И тогда мы выхватили по увесистому револьверу (откуда-то во сне взялись револьверы) и с наслаждением пристрелили Богов.
"Inferno", 1, 32
От сумрака предрассветного до вечернего сумрака на исходе XII столетия рысь скользила взглядом по деревянным доскам, частоколу металлических прутьев, череде мужчин и женщин, высоченной стене да иной раз по деревянному желобу с плавающей в нем опавшей листвой. Она не знала, не могла знать, что ее влекло к любви и жестокости, к бурной радости рвать на куски и к ветру, доносящему запах дичи, однако что-то в ней противилось этим чувствам и подавляло их, и Господь сказал ей, спящей: "Ты живешь в клетке и умрешь в ней, дабы один ведомый мне человек заприметил тебя, навсегда запомнил и запечатлел твой облик и свое представление о тебе в поэме, место которой в сцеплении времен закреплено навечно. Тебя гнетет неволя, но слово о тебе прозвучит в поэме". Господь, во сне, облагородил грубую природу зверя, который внял доводам и смирился со своей судьбой; однако, проснувшись, он ощутил лишь сумрачное смирение и твердое неведение, ибо законы бытия непостижимы для бесхитростного зверя. Спустя годы Данте умирал в Равенне, столь же оболганный и одинокий, как и любой другой человек. Господь явился ему во сне и посвятил его в тайное предназначение его жизни и его труда; Данте, пораженный, узнал наконец, кем и чем он был на самом деле, и благословил свои невзгоды. Молва гласит, что, проснувшись, он почувствовал, что приобрел и утратил нечто безмерное, чего уже не вернуть и что даже от понимания ускользает, ибо законы бытия непостижимы для бесхитростных людей.
Борхес и Я
События — удел его, Борхеса. Я бреду по Буэнос-Айресу и останавливаюсь — уже почти машинально — взглянуть на арку подъезда и решетку ворот; о Борхесе я узнаю из почты и вижу его фамилию в списке преподавателей или в биографическом словаре. Я люблю песочные часы, географические карты, издания XVIII века, этимологические штудии, вкус кофе и прозу Стивенсона; он разделяет мои пристрастия, но с таким самодовольством, что это уже походит на роль. Не стоит сгущать краски: мы не враги — я живу, остаюсь в живых, чтобы Борхес мог сочинять свою литературу и доказывать ею мое существование.

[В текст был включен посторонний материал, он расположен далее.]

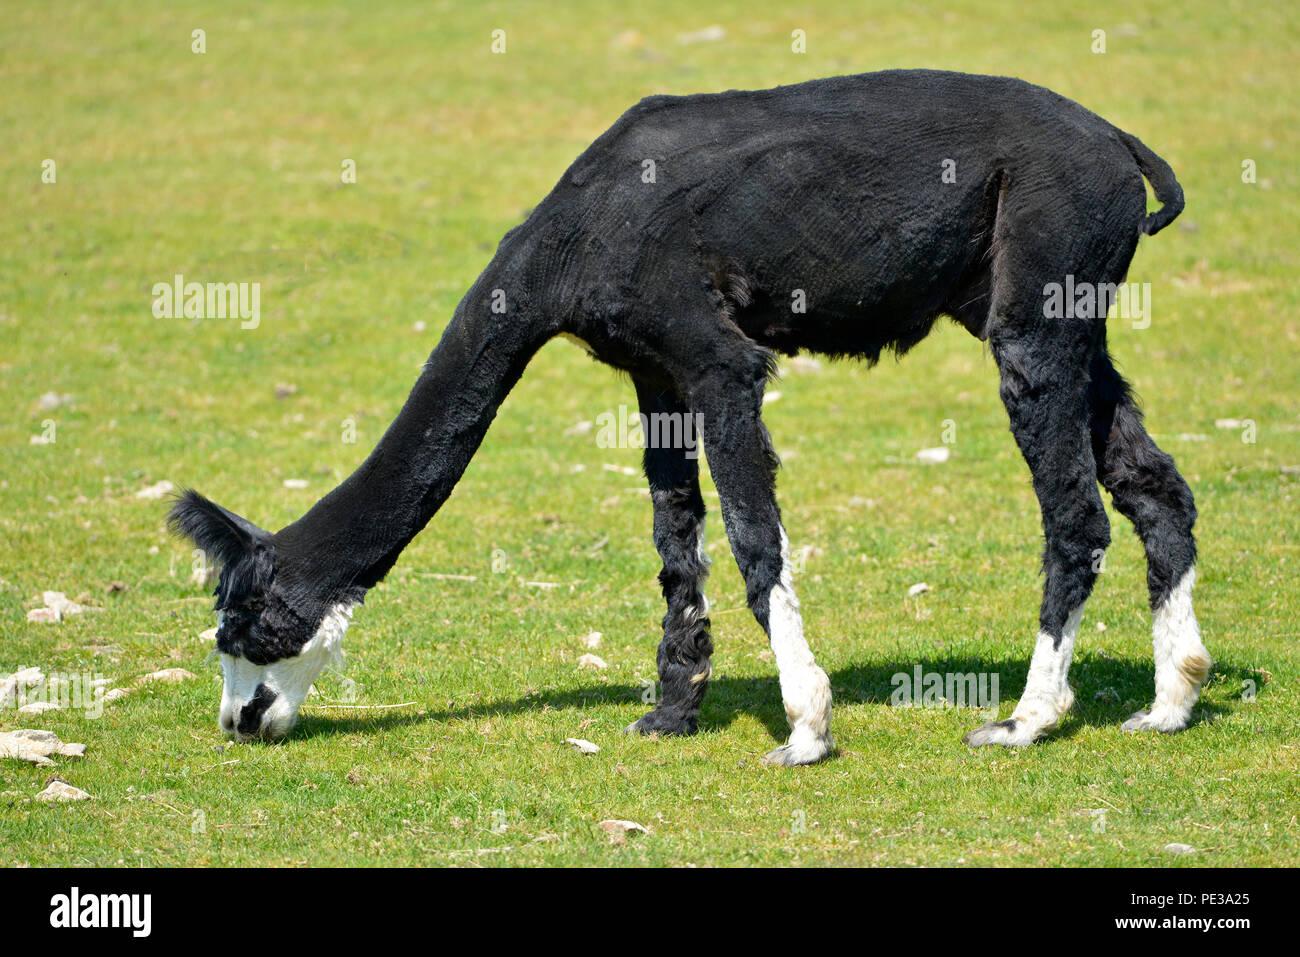 Black alpaca (Vicugna pacos) grazing seen from profile Stock Photo

Охотно признаю, кое-какие страницы ему удались, но и эти страницы меня не спасут, ведь лучшим в них он не обязан ни себе, ни другим, а только языку и традиции. Так или иначе я обречен исчезнуть, и, быть может, лишь какая-то частица меня уцелеет в нем. Мало-помалу я отдаю I ему все, хоть и знаю его болезненную страсть к подтасовкам и преувеличениям. Спиноза утверждал, что сущее стремится пребыть собой: камень — вечно быть камнем, тигр — тигром. Мне суждено остаться Борхесом, а не мной (если я вообще есть), но я куда реже узнаю себя в его книгах, чем во многих других или в самозабвенных переборах гитары. Однажды я попытался освободиться от него и сменил мифологию окраин на игры со временем и пространством. Теперь и эти игры принадлежат Борхесу, а мне нужно придумывать что-то новое. И потому моя жизнь — бегство, и все для меня — утрата, и все достается забвенью или ему, другому.